The issue, along with immigration, has taken center stage in the final days of this Congress before a Republican-controlled Senate takes over in January. Supporters of the measure, including all 45 Senate Republicans, found the final vote they needed in Louisiana Democrat Mary Landrieu, who faces a very close runoff for her seat on December 6.

The vote is also a preview of what could lie ahead for Obama when it comes to environmental and energy issues once the Republicans control both houses of Congress.

Opponents of the bill include the independent Senator from Maine, Angus King, who said, "Congress is not - nor should it be - in the business of legislating the approval or disapproval of a construction project." Other strong criticism has come from Nebraska, where a lawsuit has been filed over the route of the pipeline, which threatens the state's Sand Hills region.

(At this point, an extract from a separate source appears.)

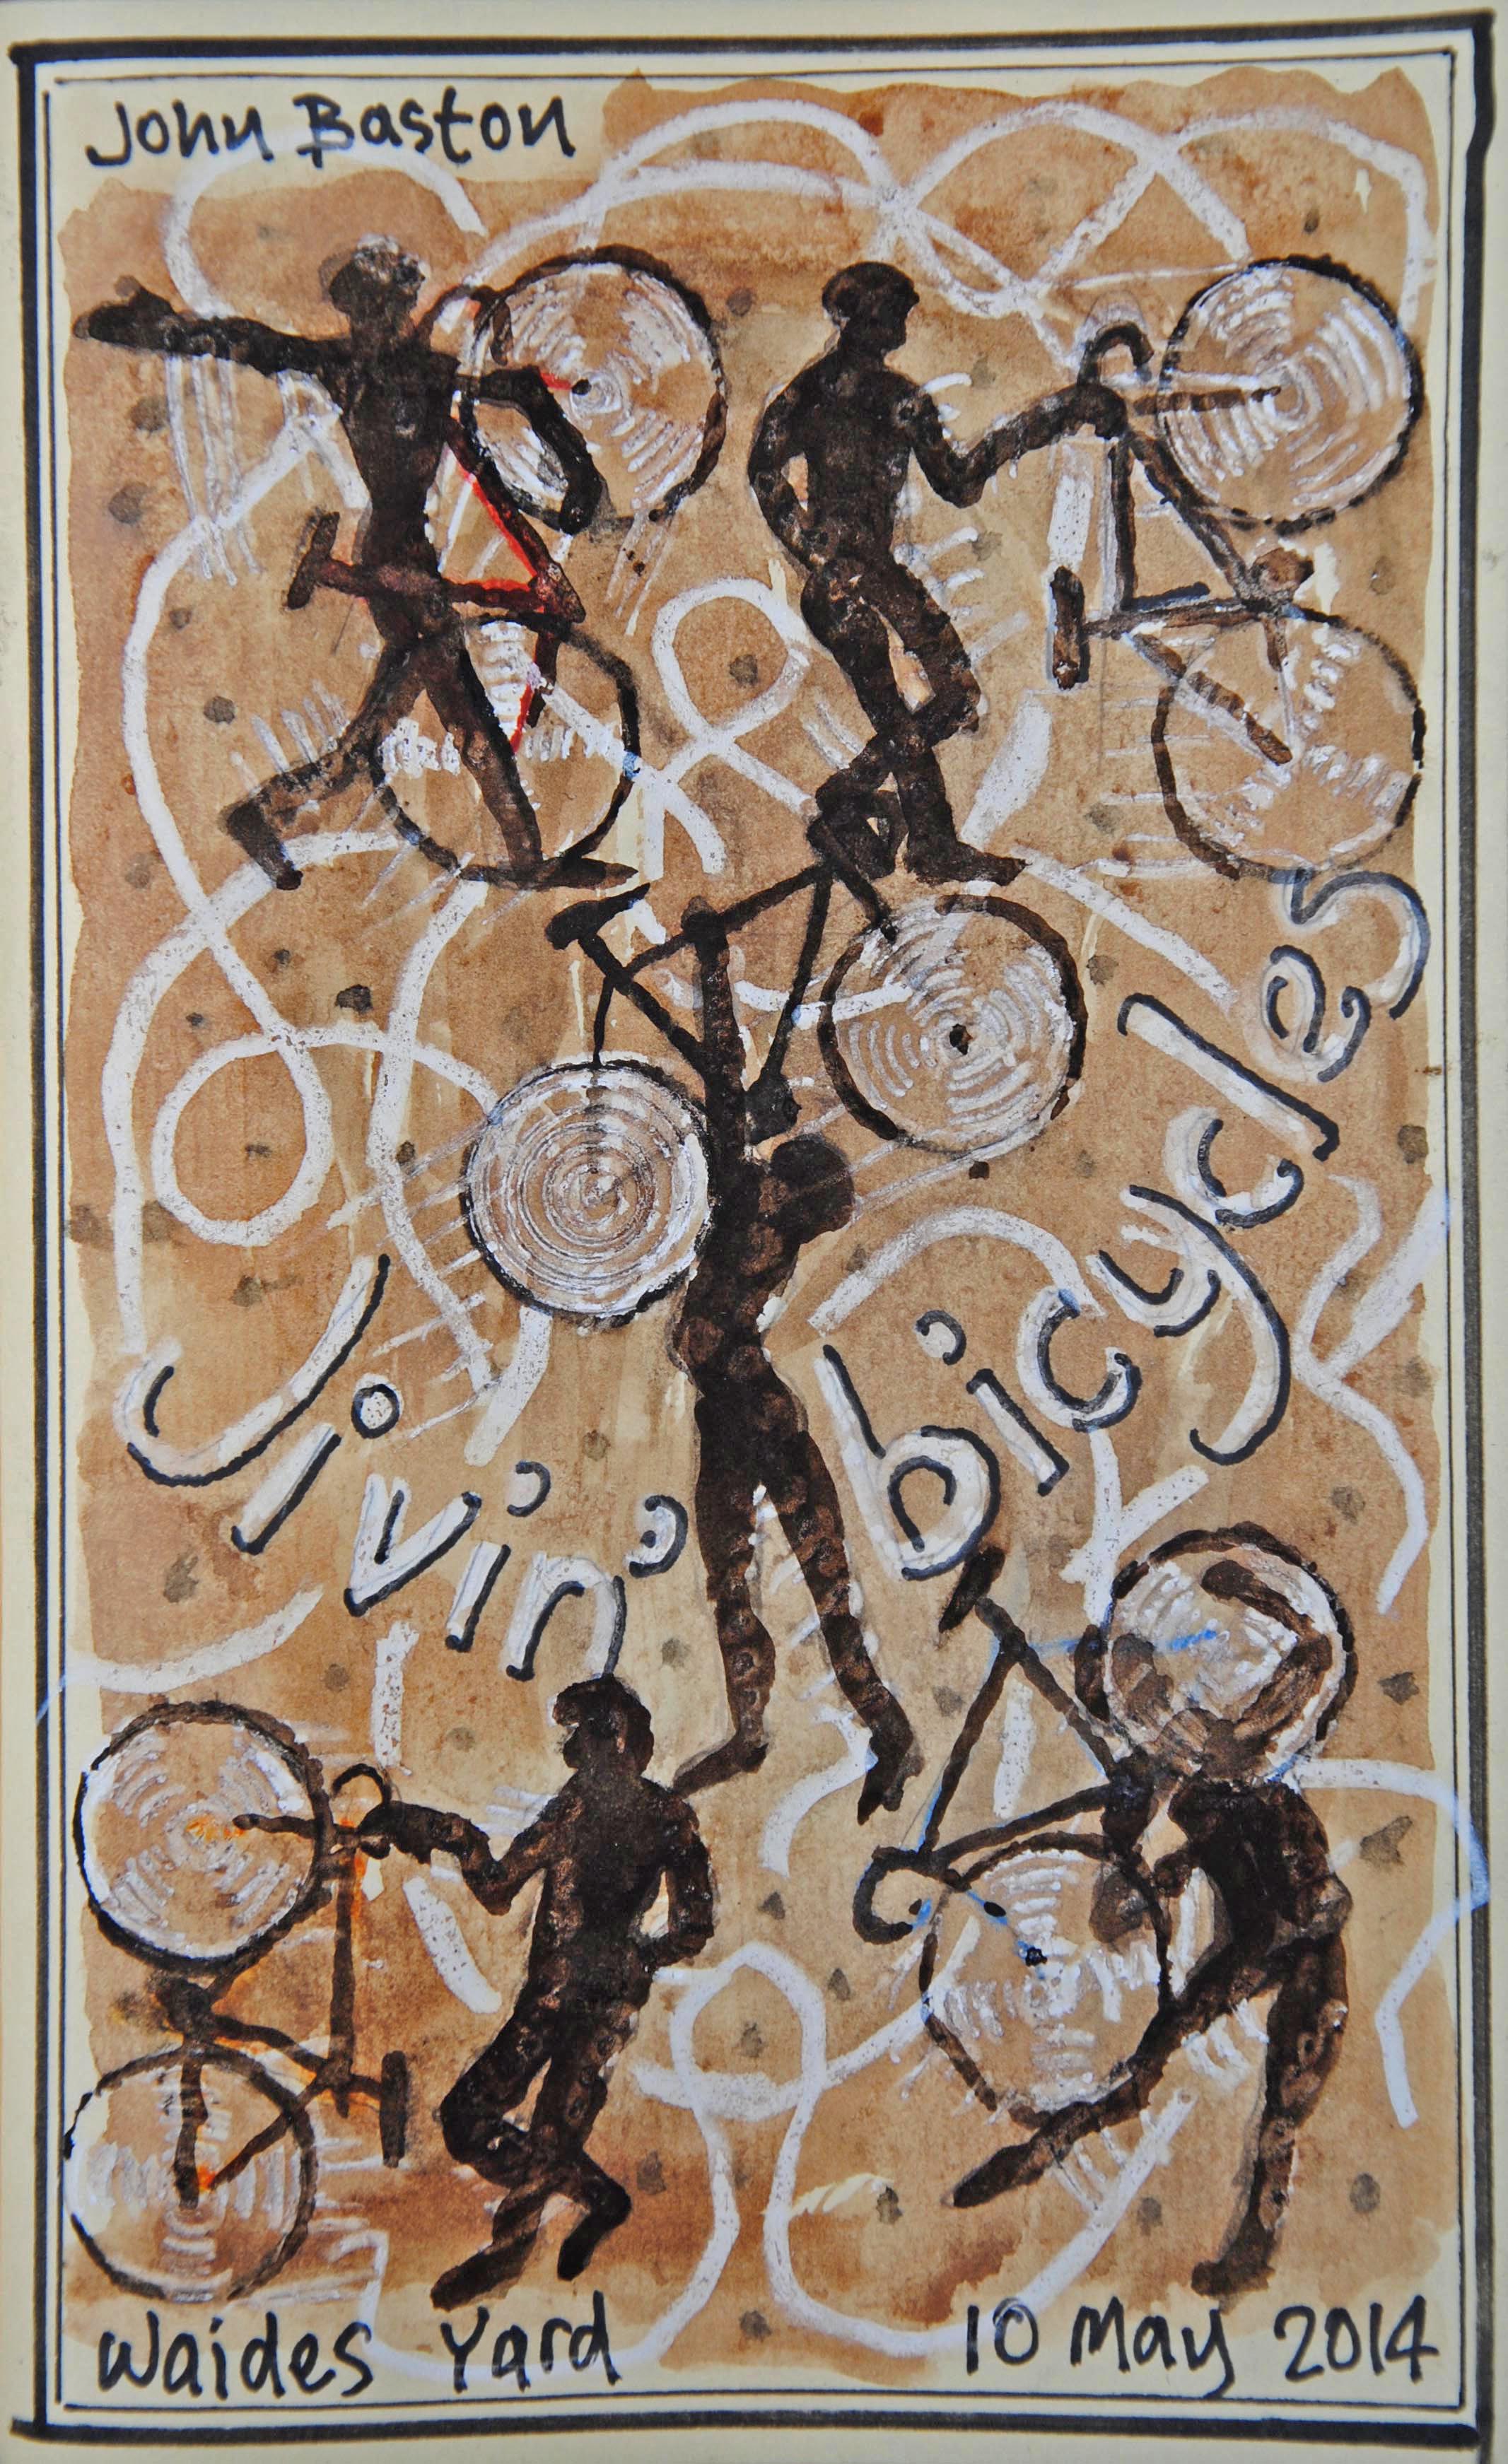 3 Jivin' bicycles by John Baston

Perhaps the most outspoken critics of the project have been members of several of the Sioux nations of Native Americans, through whose lands the pipeline would run. The tribes live in a stretch of the continent that spreads from Nebraska in the central United States to parts of southern Canada.

Several Sioux nations, including the Oglala Lakota, have threatened to close their borders if anyone endeavors to lay pipeline through their land, and the leader of the Rosebud Sioux called any attempt to circumvent Native American authority in the matter "an act of war," according to multiple news outlets.